++++ Input data

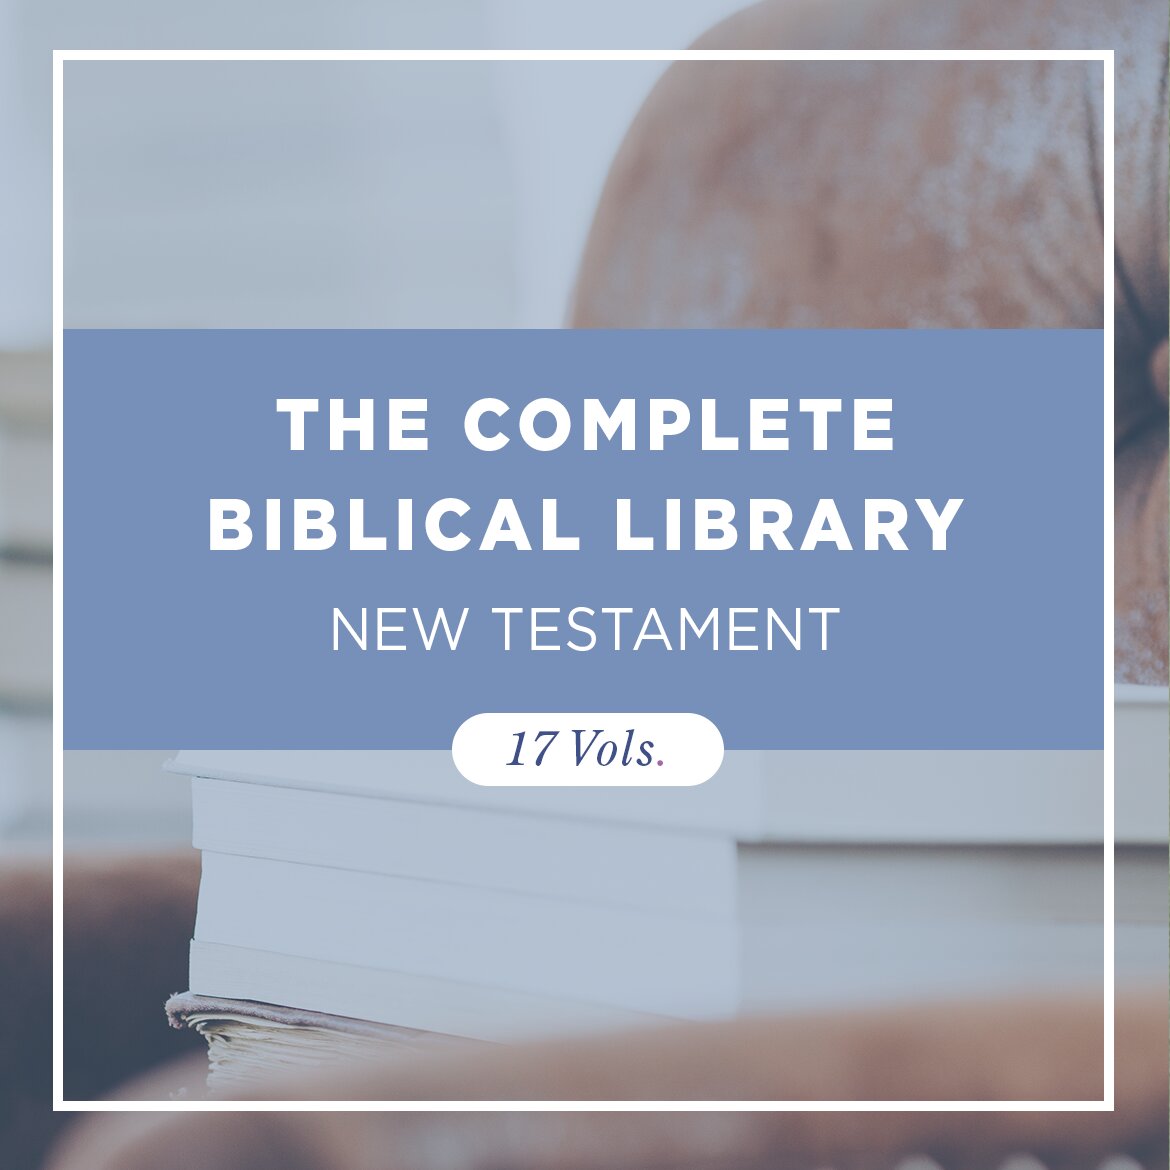 New Testament, 17 vols. (The Complete Biblical Library | CBL)
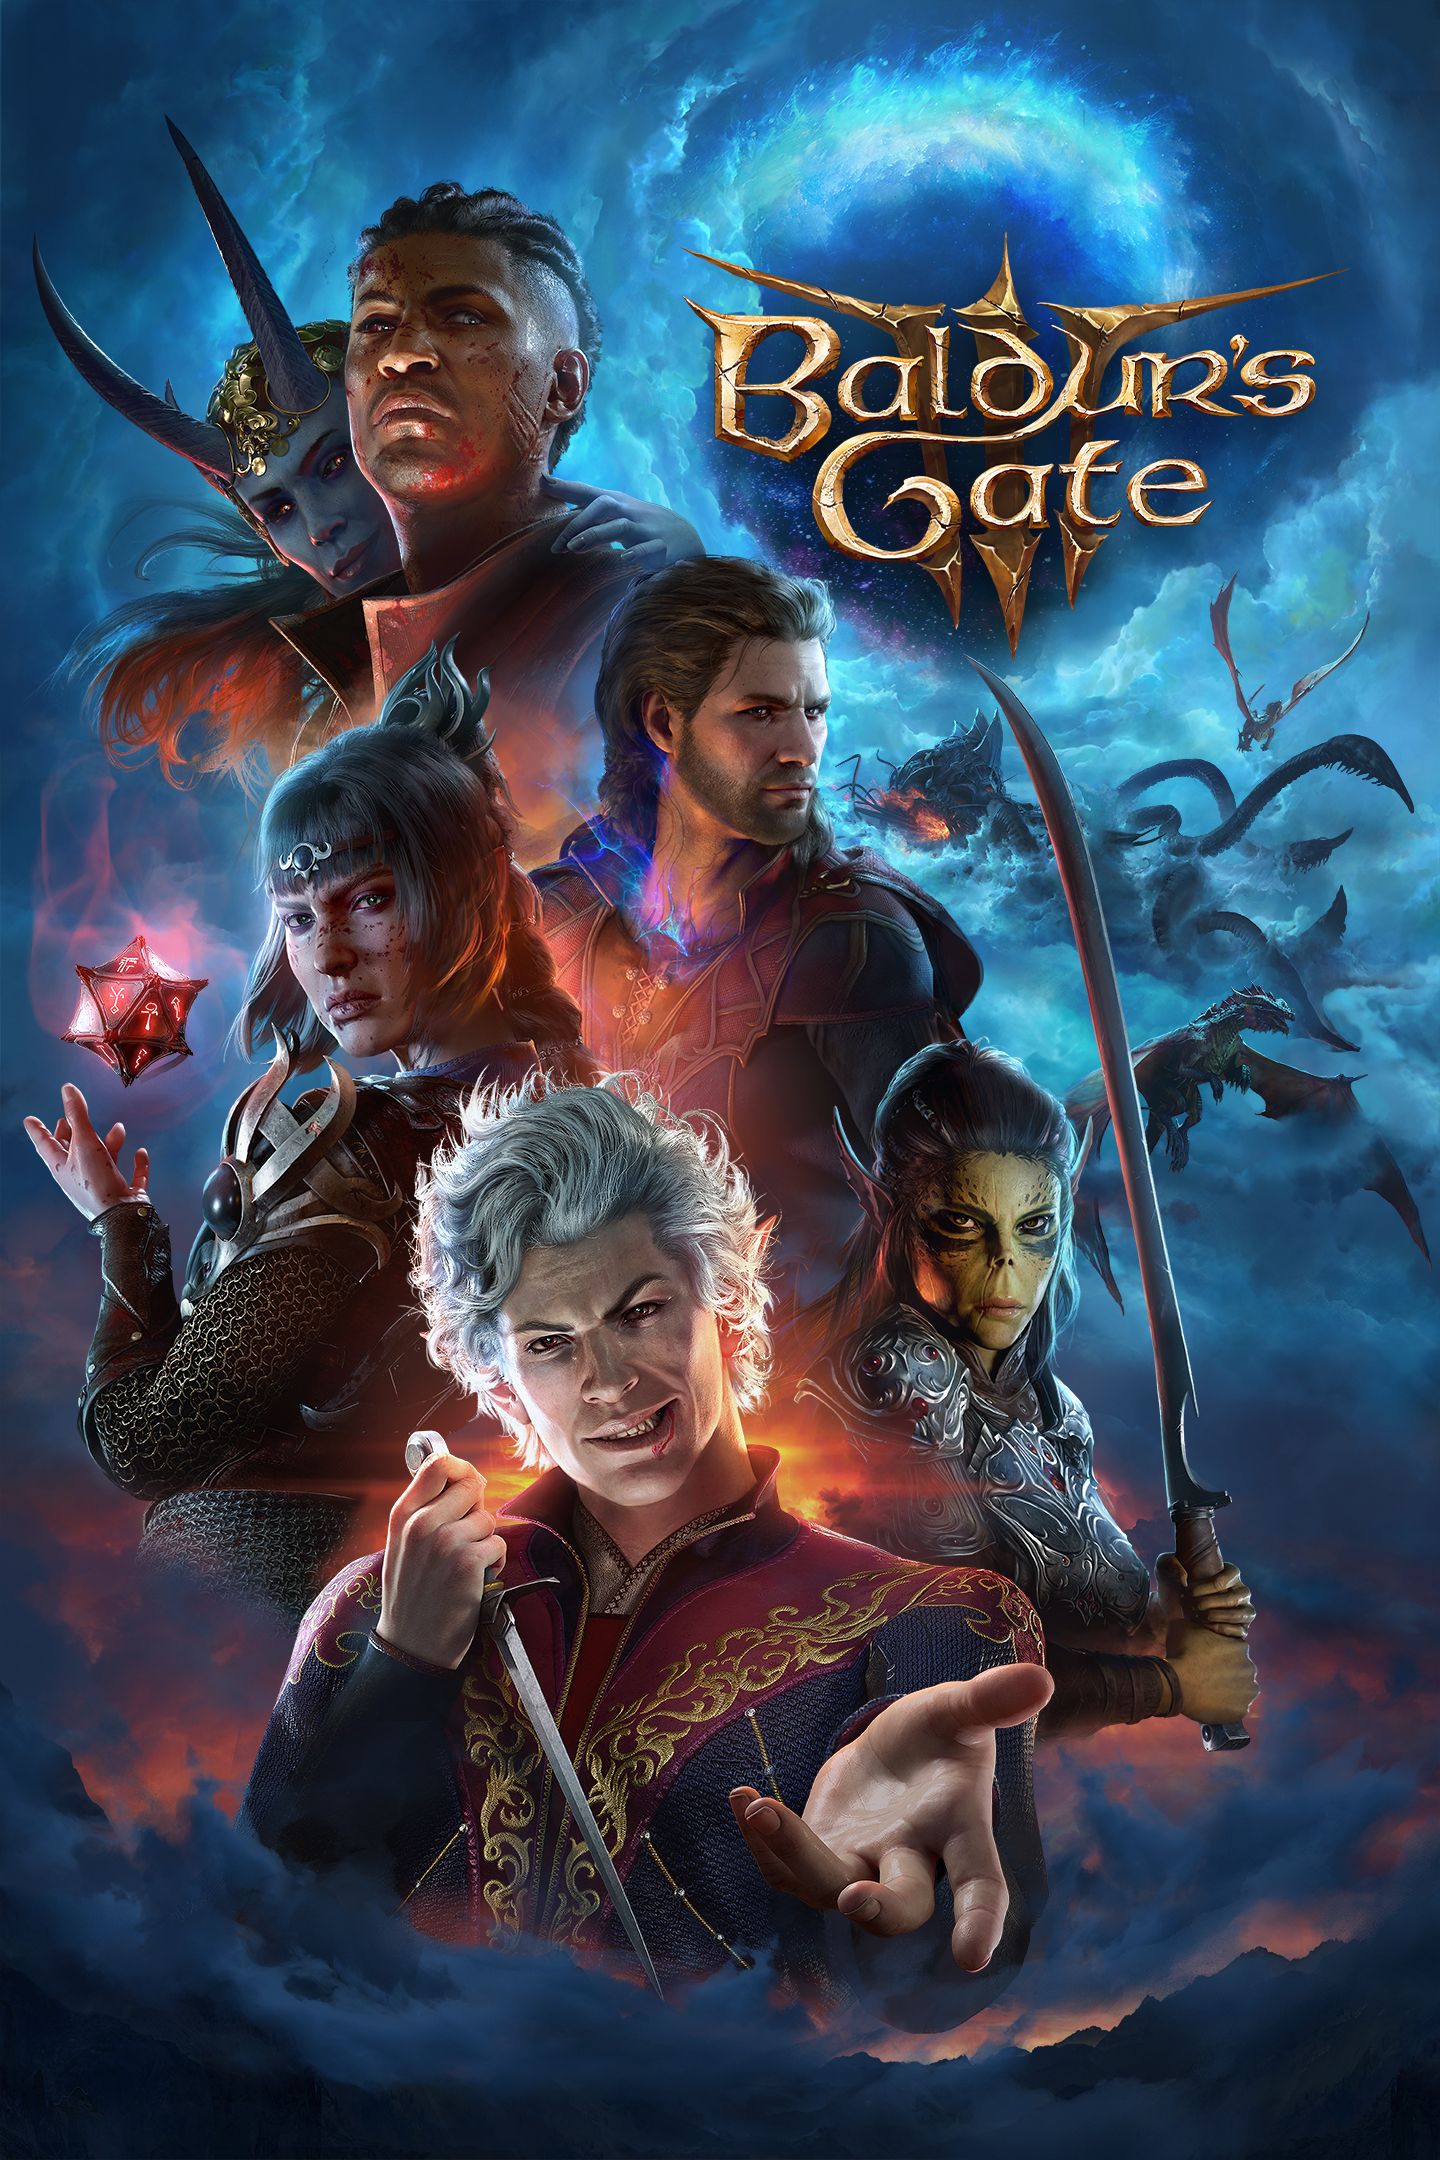 Baldurs Gate 3 Game Poster
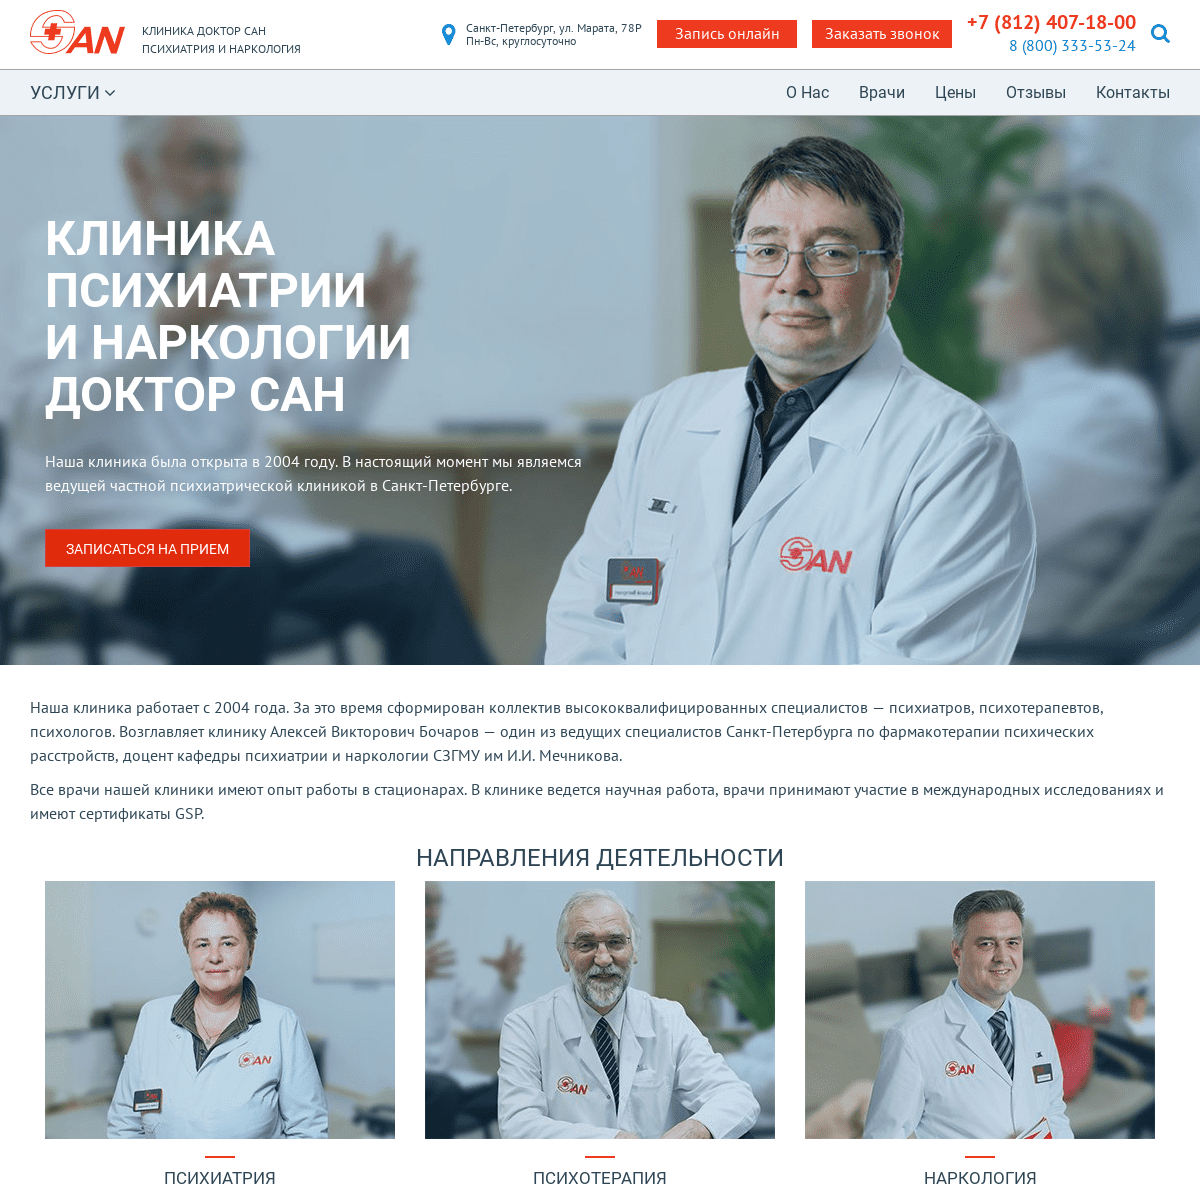 A complete backup of doctorsan.ru
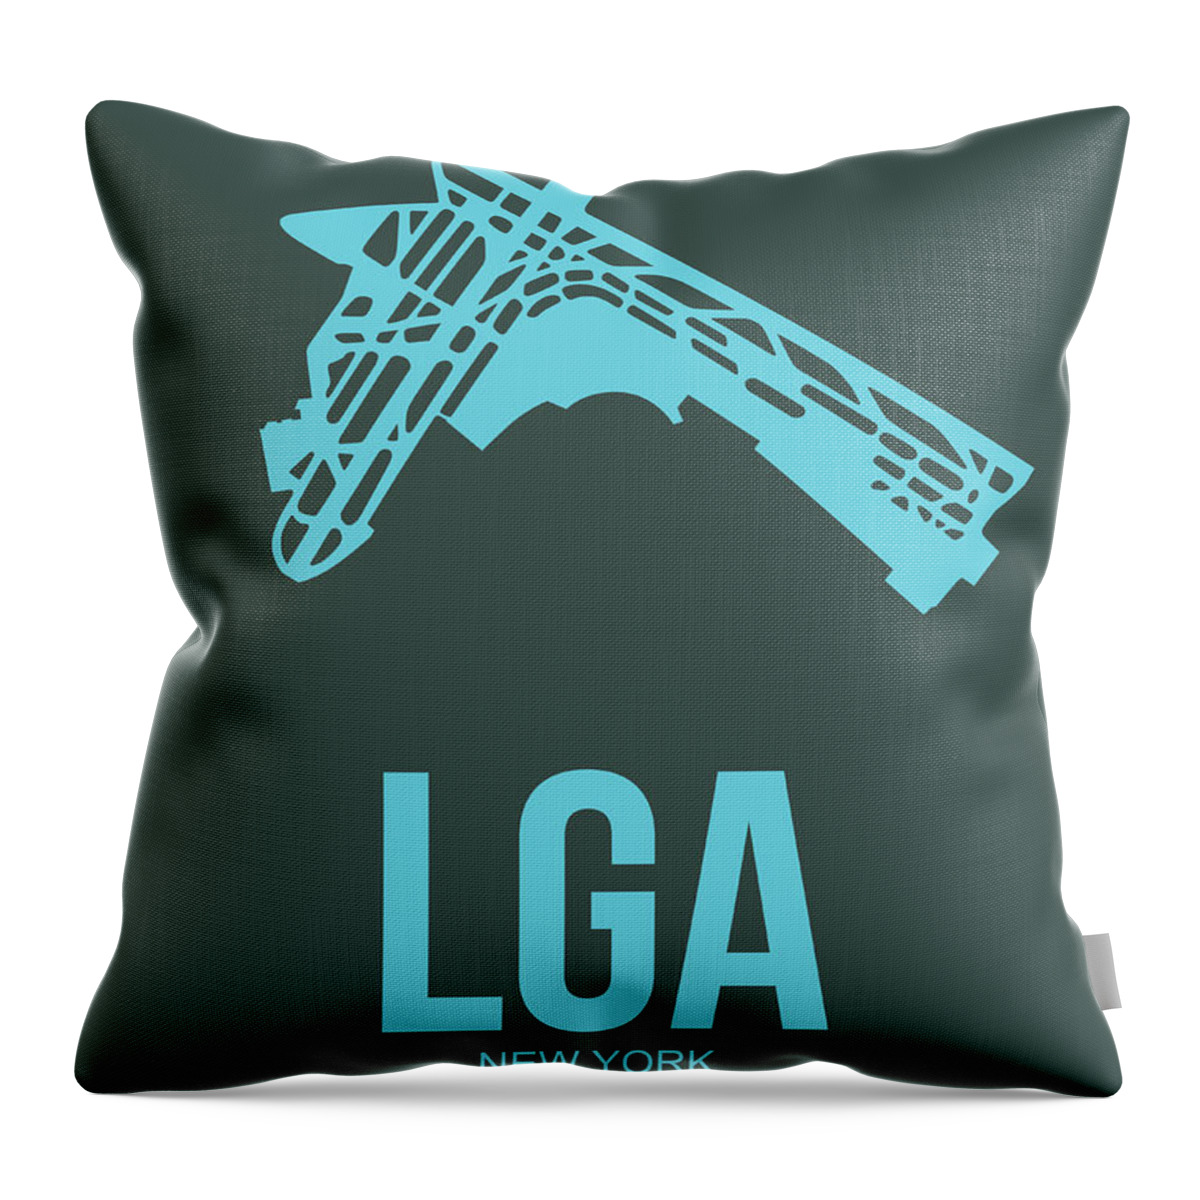  Throw Pillow featuring the digital art LGA New York Airport 3 by Naxart Studio

++++++++

> Problem to work on: Exact reproduction is required. Output only the lines from the one with "A complete backup of doctorsan.ru" through the end of the listing above, both ends included, and no pictures.

> Solved problem:
 A complete backup of doctorsan.ru
  Throw Pillow featuring the digital art LGA New York Airport 3 by Naxart Studio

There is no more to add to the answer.